Greenwood’s Anita Batman and Jim Palmer mean well. So does the Mississippi Hospitality and Restaurant Association.
Batman and Palmer, by starting a social media page of Mississippi businesses that say they serve everyone, are sending a message of righteous opposition to House Bill 1523, the so-called “religious freedom” law that seems to condone discrimination against homosexuals.
The Hospitality and Restaurant Association, which is encouraging Mississippi businesses to put up an “Everyone’s Welcome Here” sticker, is trying to counter the mounting public relations disaster of this misguided law.
They’ve got it backward, though.
The businesses that need to put up stickers or get on lists are those few that might discriminate against potential customers. It’s like John Mayo, a former state lawmaker from Clarksdale and the father of a married gay daughter, said: House Bill 1523 should have a companion measure that requires businesses that discriminate to put up a sign at their front doors announcing such. “I would wager they would not be in business long,” Mayo said in an op-ed piece appearing in today’s Jackson Clarion-Ledger.

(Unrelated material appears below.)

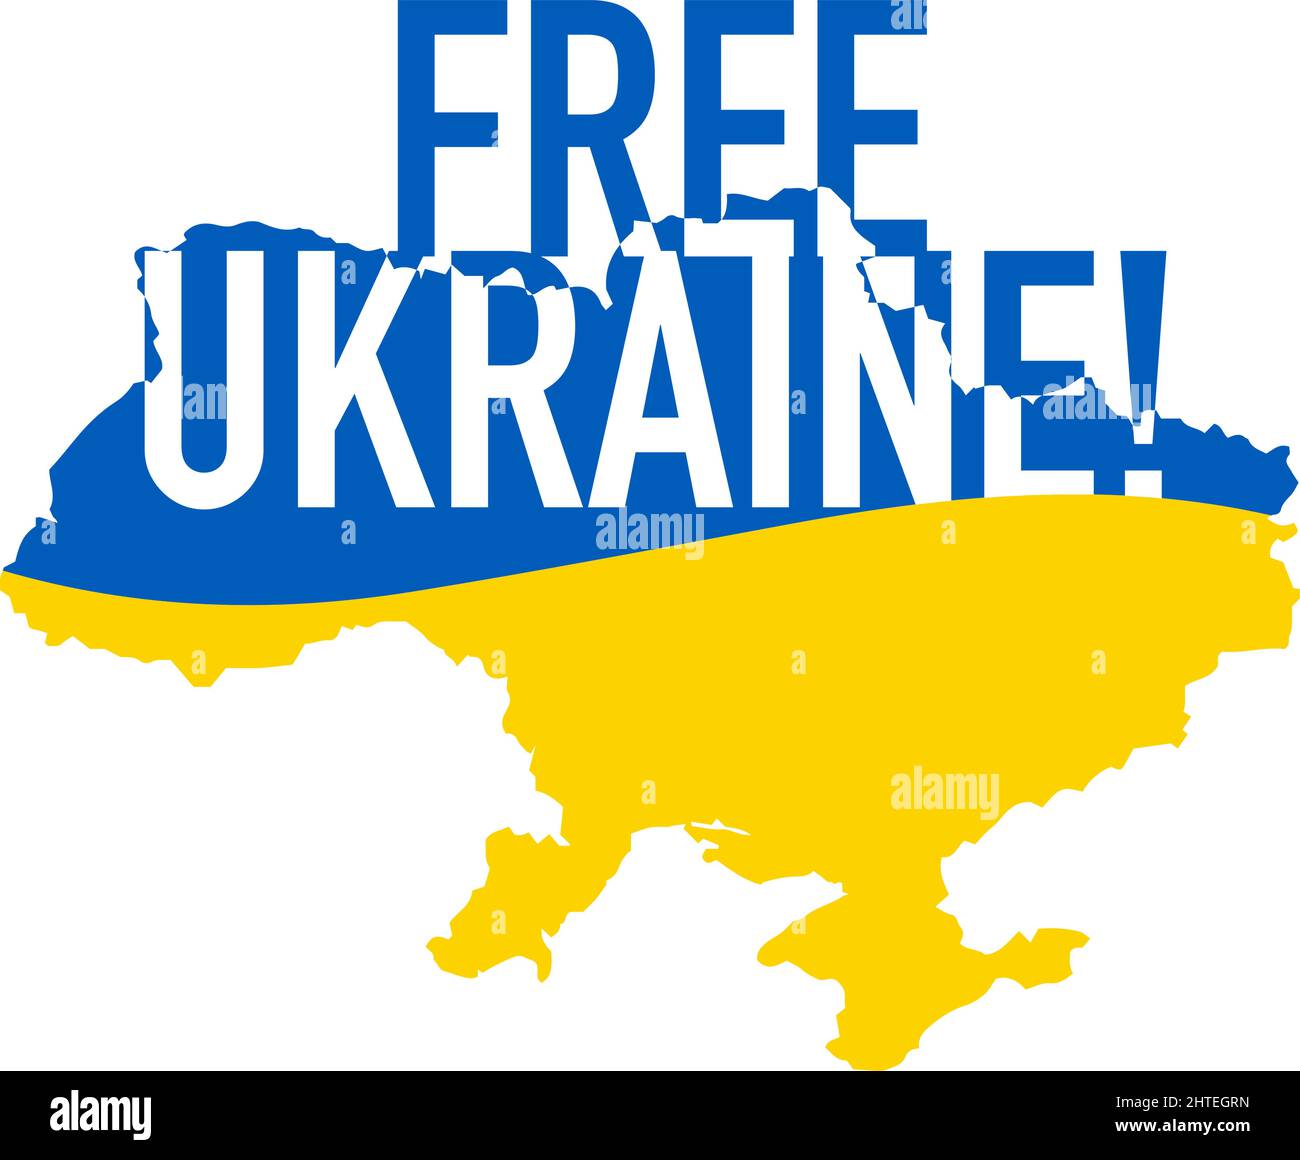 Caratteri liberi dell'Ucraina sull'icona gialla blu della mappa. Icona di sostegno per Kyiv e Ucraina. Resta forte insieme. Simbolo patriottico, icona.-SupplementalCa Illustrazione Vettoriale

Most businesses are open to all comers, no matter the customers’ sexual orientation, marital status, sexual practices or gender identity — the areas with which the backers of House Bill 1523 were obviously preoccupied. We don’t know of many businesses that try to look into a person’s private life or the condition of their soul before selling them a good or service. Money is the great leveler, and no one who wants to stay in business can arbitrarily pick and choose whose money they will take and whose they won’t.
To act as if a normal business practice — to welcome all customers — is somehow exceptional gives more credence to House Bill 1523 than it deserves. Even if the law survives the present uproar and the lawsuits that are likely to follow, very few businesses will invoke its supposed protections.
For one, the part of the law that deals with commerce tries to give cover only to companies that are in wedding-related businesses — caterers, florists, bakers, jewelers, venue owners. That’s a tiny sliver of the economy. Even among those businesses to which the law applies, most will simply ignore it, either because they disagree with its judgmental undertones or because they want all the customers they can get.
House Bill 1523 is a law of symbolism, not of substance. It is unnecessary, redundant of religious protections that already exist in federal or state law, and designed to distract the people of this state from more pressing issues. To treat it as more than it is only serves this ulterior motive.